- Born: Des Plaines, Illinois, USA

Academic background
- Education: BA, biosocial anthropology, Pomona College PhD, anthropology, 1999, Emory University
- Thesis: Culture change, stress, and immune function in Western Samoan youth (1999)

Academic work
- Institutions: Northwestern University

= Thomas McDade =

American biological anthropologist

Thomas Wesley McDade is an American biological anthropologist and population health scientist whose research examines how social, ecological, and developmental environments shape human biology and health. He is known for contributions to ecological immunology, population health research, and the development of minimally invasive methods for collecting biomarkers in non-clinical settings. He is an elected Fellow of the American Association for the Advancement of Science, the National Academy of Sciences, and the American Academy of Arts and Sciences.

==Early life and education==
McDade was born in Illinois and grew up in the Pacific northwest. He graduated from Pomona College with a degree in biosocial anthropology, and completed his PhD in anthropology from Emory University followed by a postdoctoral fellowship at the Carolina Population Center.

==Career==
McDade joined the faculty at Northwestern University (NU), in 2000. Early in his tenure at NU, McDade was the recipient of an Presidential Early Career Award for Scientists and Engineers for "undertaking important research that may ultimately improve child health through a better understanding of the social and environmental factors that affect the development of the human immune system." McDade is the director of the Laboratory for Human Biology Research, and of Cells to Society (C2S): The Center on Social Disparities and Health, as well as the director of the Graduate Cluster in Society, Biology, and Health. He is also a Faculty fellow of the Institute for Policy Research. McDade is known for interdisciplinary research integrating biological and social science approaches to the study of health and human development. He has conducted field-based research in a variety of international settings and has contributed to efforts to incorporate biological measures into population-based social science research.

In addition to his work at Northwestern, McDade is a Fellow of the Canadian Institute for Advanced Research (CIFAR) and serves as co-director of CIFAR's Child and Brain Development Program, an international research network focused on understanding the biological and social foundations of child development.

== Research ==
McDade is a biological anthropologist whose research examines how social, ecological, and developmental environments shape human biology and health across the life course. His work integrates perspectives from anthropology, immunology, epidemiology, and population health to investigate the ways in which experience becomes biologically embedded.

He is recognized for research into the developmental and ecological factors that influence immune development and inflammation. He has made important contributions to scientific understandings of inflammation, challenging the assumption that chronic inflammation is a normal or inevitable part of human aging. His research in the Philippines, Ecuador, and the US has documented how microbial and nutritional environments early in infancy, during sensitive periods of immune development, can have lasting effects on the regulation of inflammation in adulthood, with implications for aging-related diseases and functional declines.

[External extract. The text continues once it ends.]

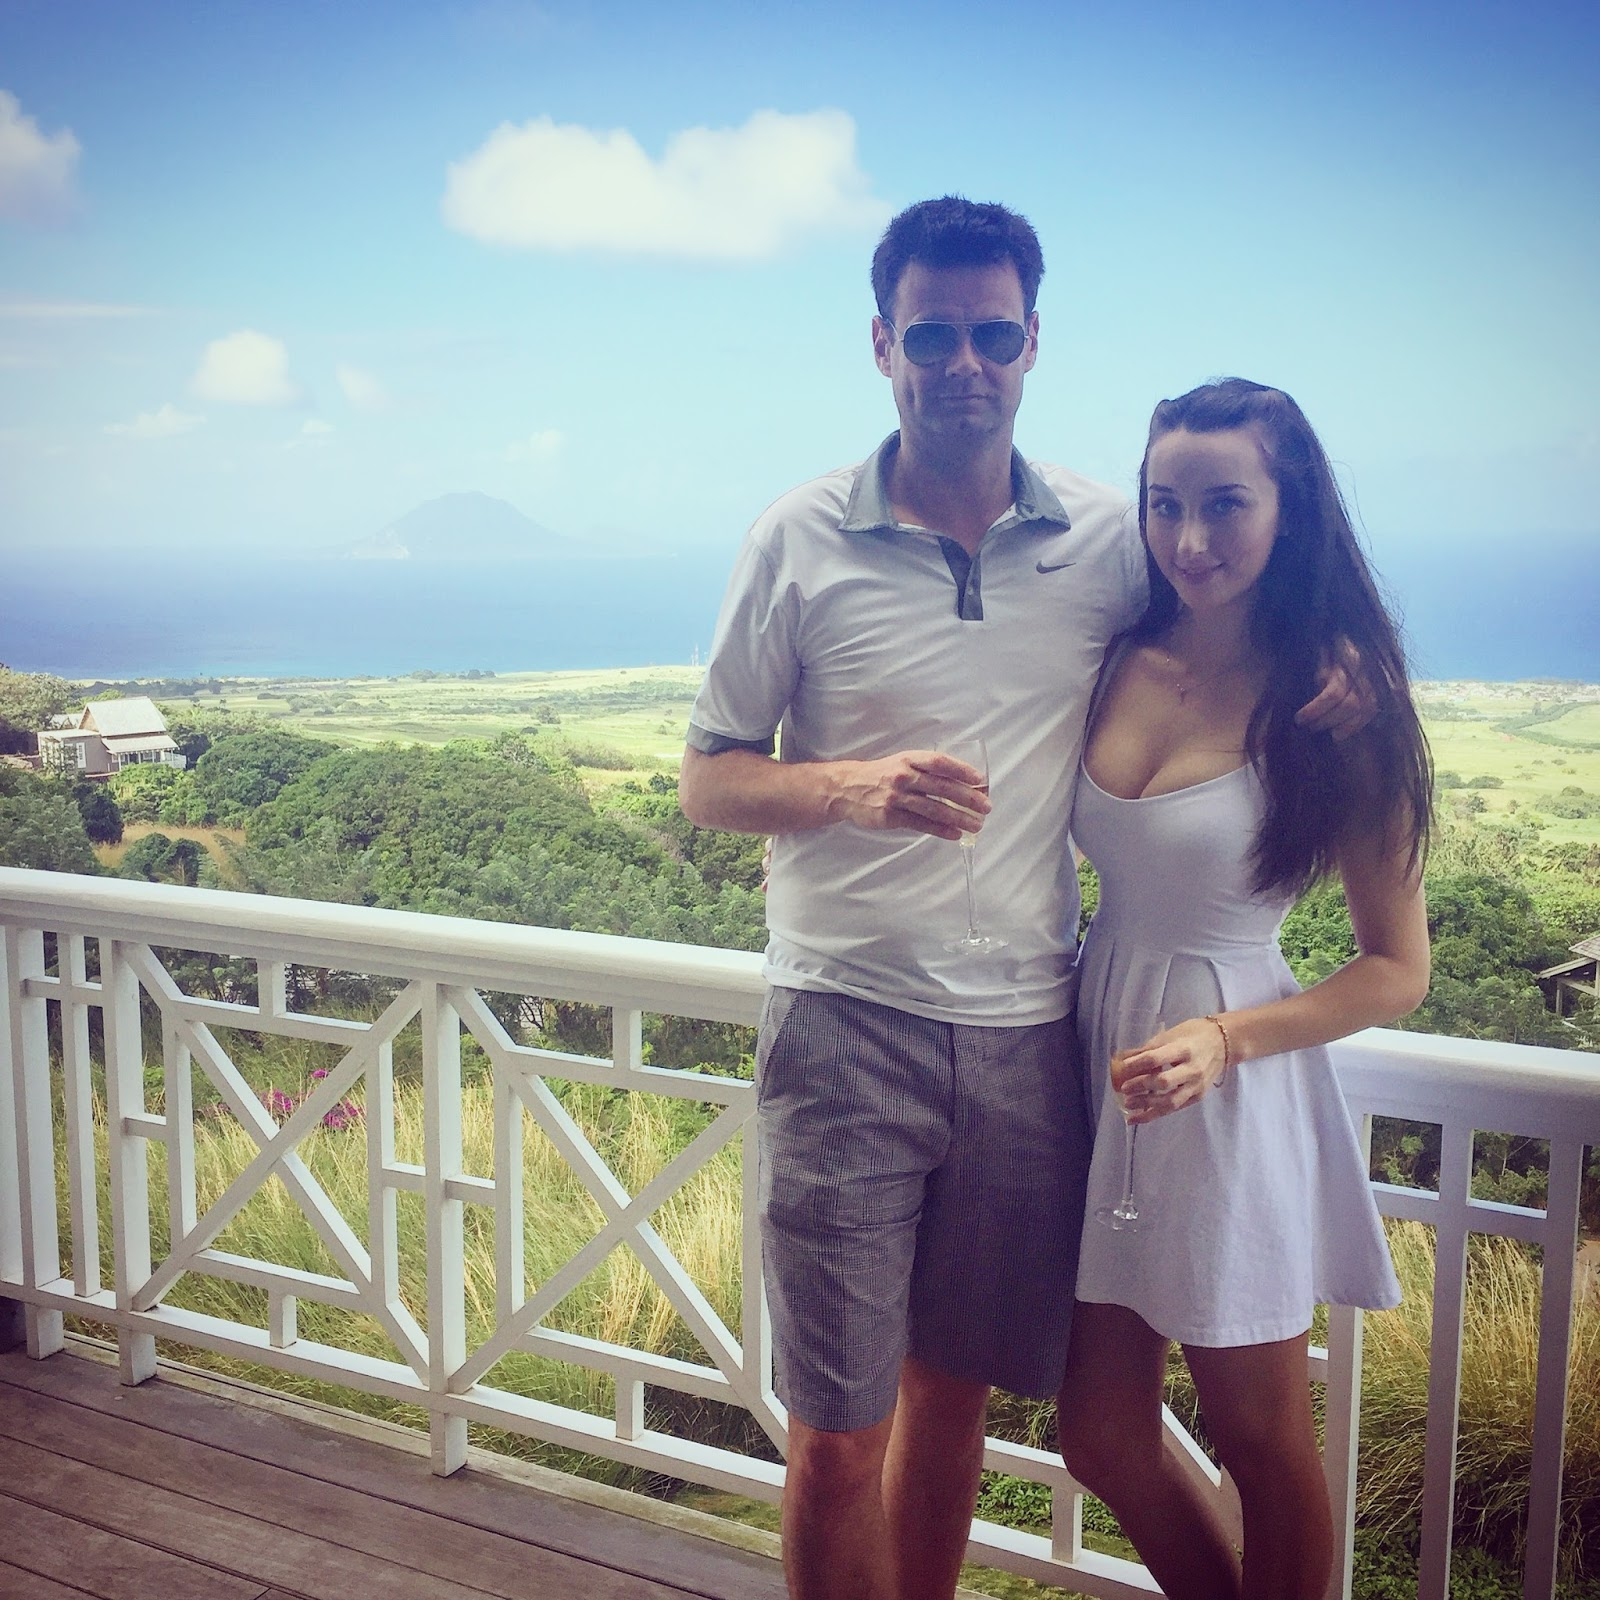 Couple Picture Caribbean, Boyfriend, Girlfriend, Champagne, Beach, St Kitts, Kittitian Hill

McDade has also contributed to the development of minimally-invasive methods for assessing endocrine and immune function in field and community settings. Many of these methods utilize a small blood sample obtained through a simple finger-stick procedure, making it possible to collect biological data in large-scale population studies outside clinical settings. These methodological innovations have facilitated research on the social and ecological determinants of health in diverse populations around the world.

At the start of the COVID-19 pandemic, McDade developed the first quantitative finger-stick COVID-19 antibody test that could detect prior exposure to the SARS-CoV-2 virus, as well as level of antibody protection, in a single drop of blood. In June 2020, McDade collaborated with colleagues at Northwestern University Feinberg School of Medicine to launch "Screening for Coronavirus Antibodies in Neighborhoods (SCAN)" in Chicago, one of the earliest COVID-19 sero-prevalence studies in the US, and the first to implement fully remote, at-home blood collection. The study documented neighborhood disparities in COVID-19 exposure, and generated insight into the behavioral and contextual factors that promoted, and prevented, the spread of SARS-CoV-2 in the community.

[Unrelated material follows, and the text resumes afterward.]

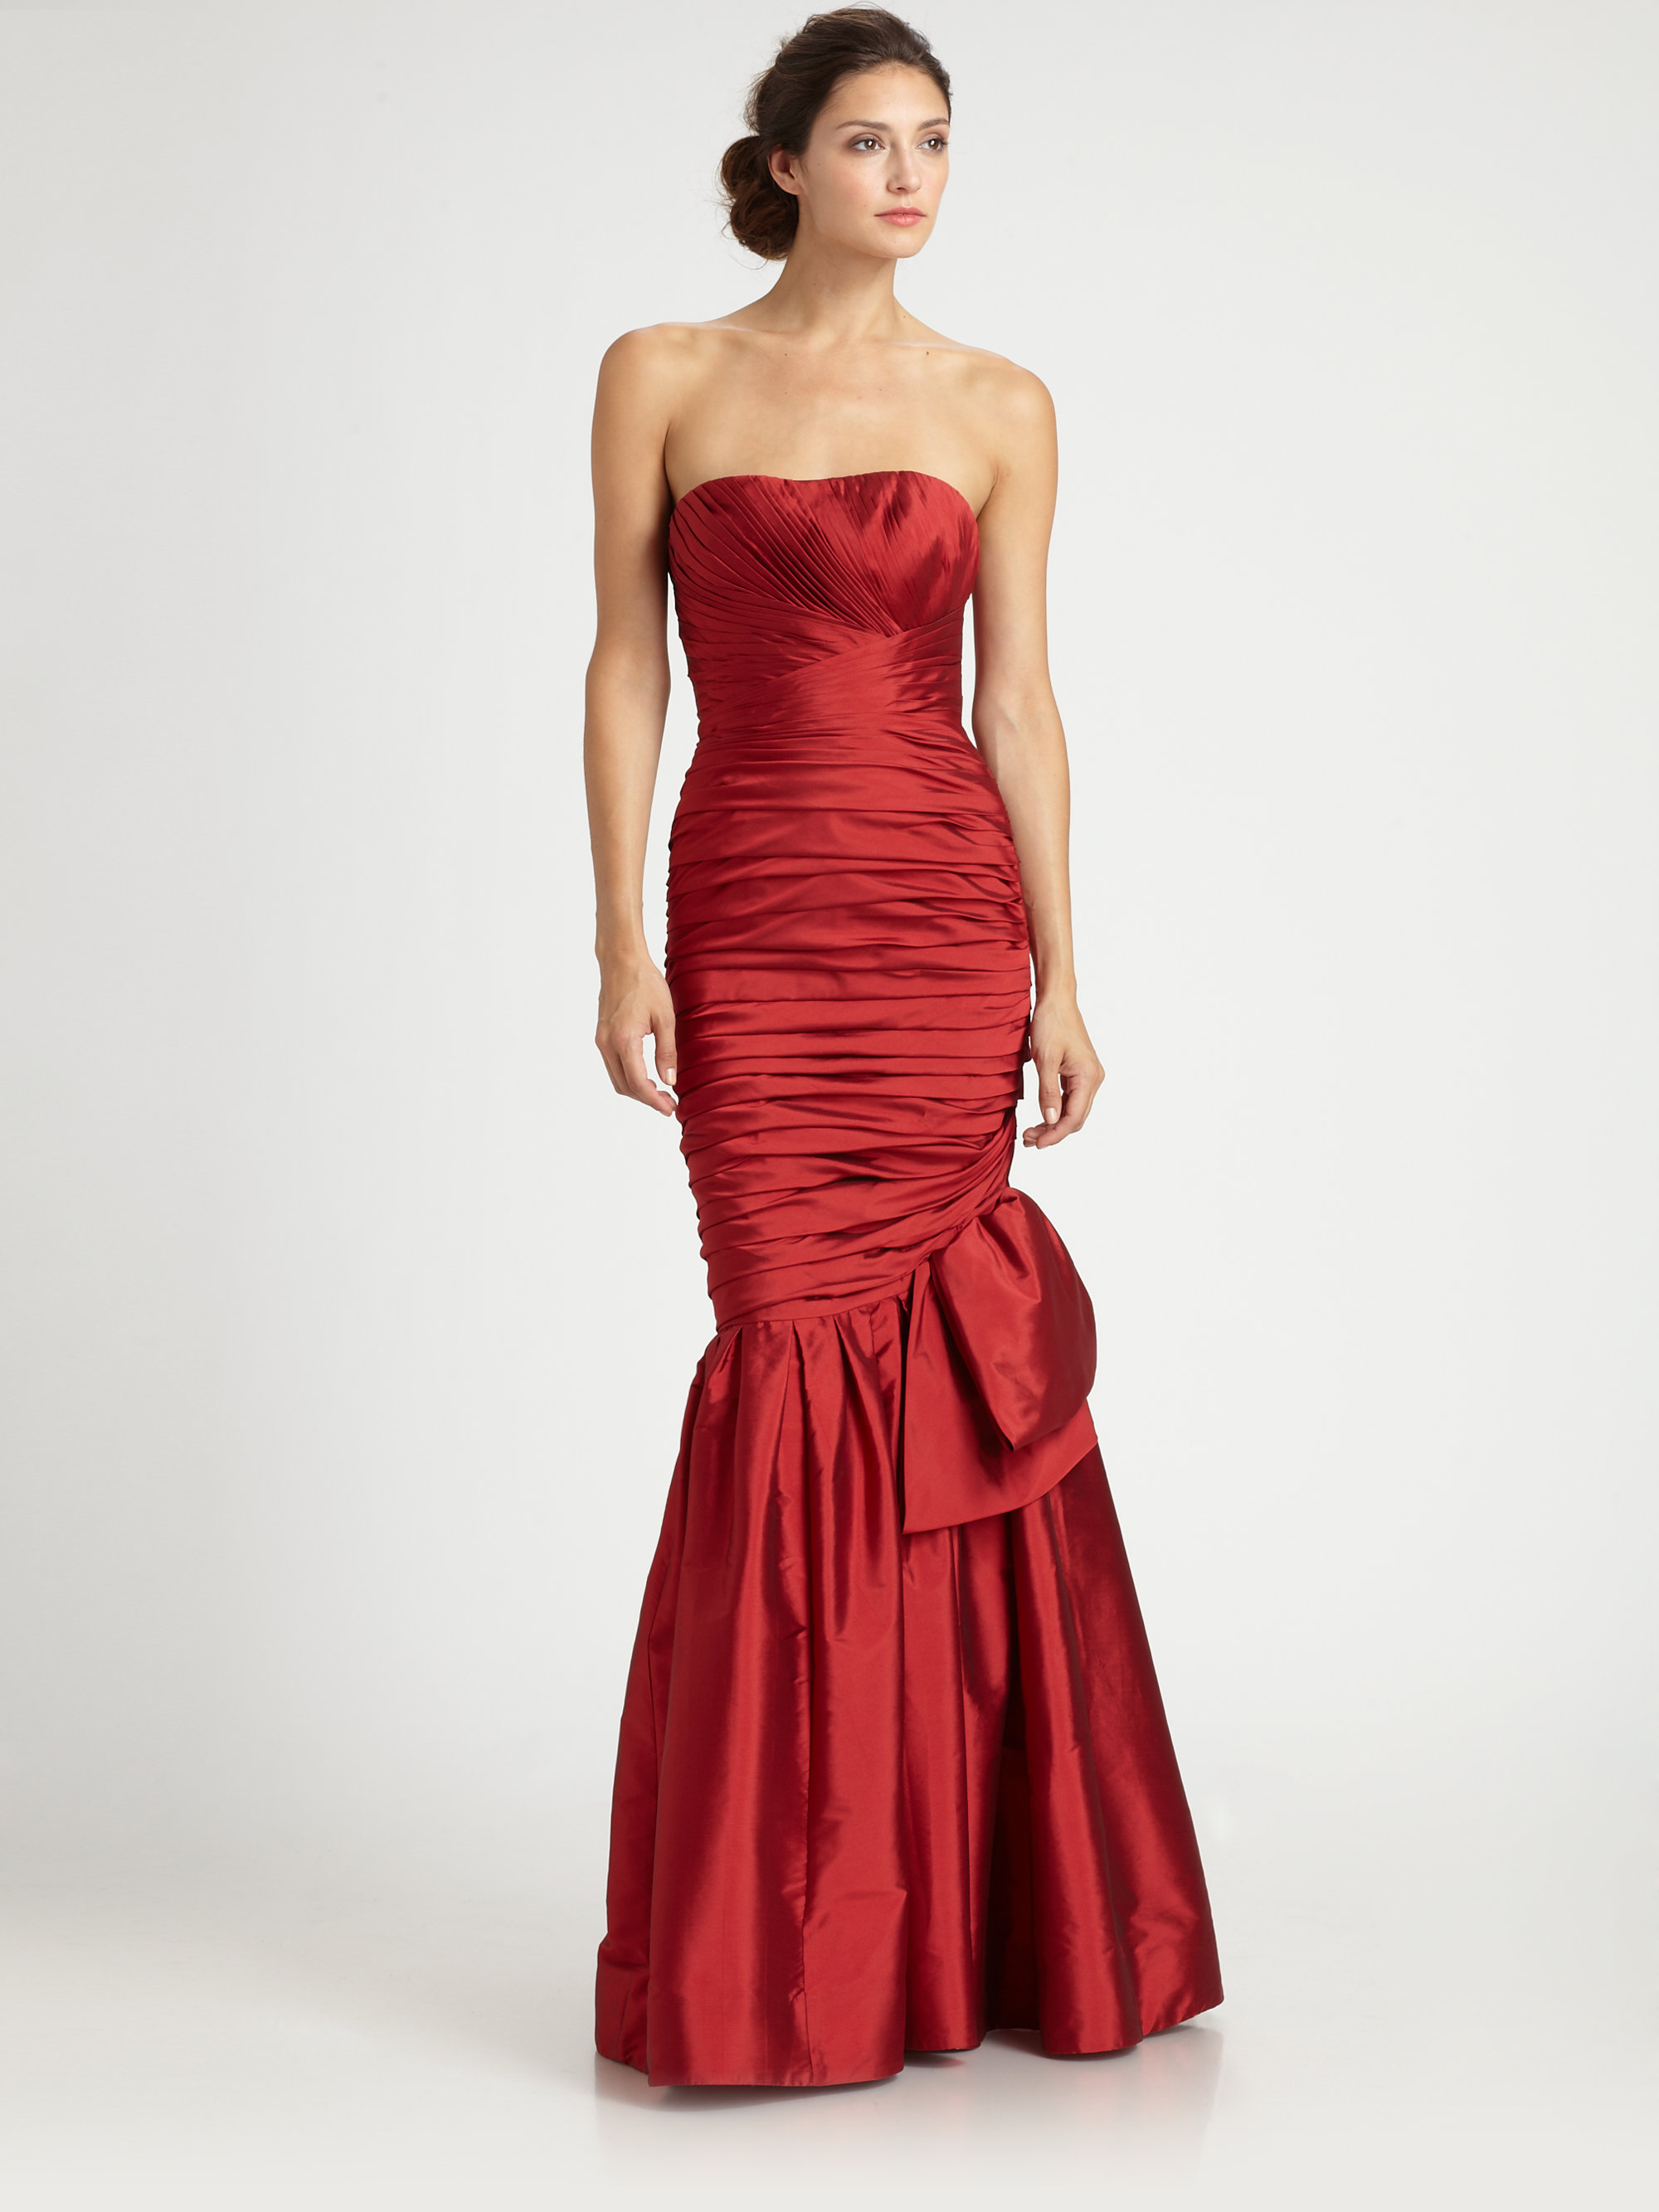 Ml Monique Lhuillier Trumpetskirt Gown in Red scarlet  Lyst

== Honors and recognition ==
McDade received the Presidential Early Career Award for Scientists and Engineers (PECASE) in 2002, the nation's highest honor for early career scientists. In 2015, he received an endowed chair at Northwestern and was named the Carlos Montezuma Professor of Anthropology.

In 2015, he was elected a Fellow of the American Association for the Advancement of Science for his contributions to biological anthropology and population health research.

In 2021, McDade was elected to the American Academy of Arts and Sciences and to the National Academy of Sciences, among the highest distinctions accorded to scientists in the United States.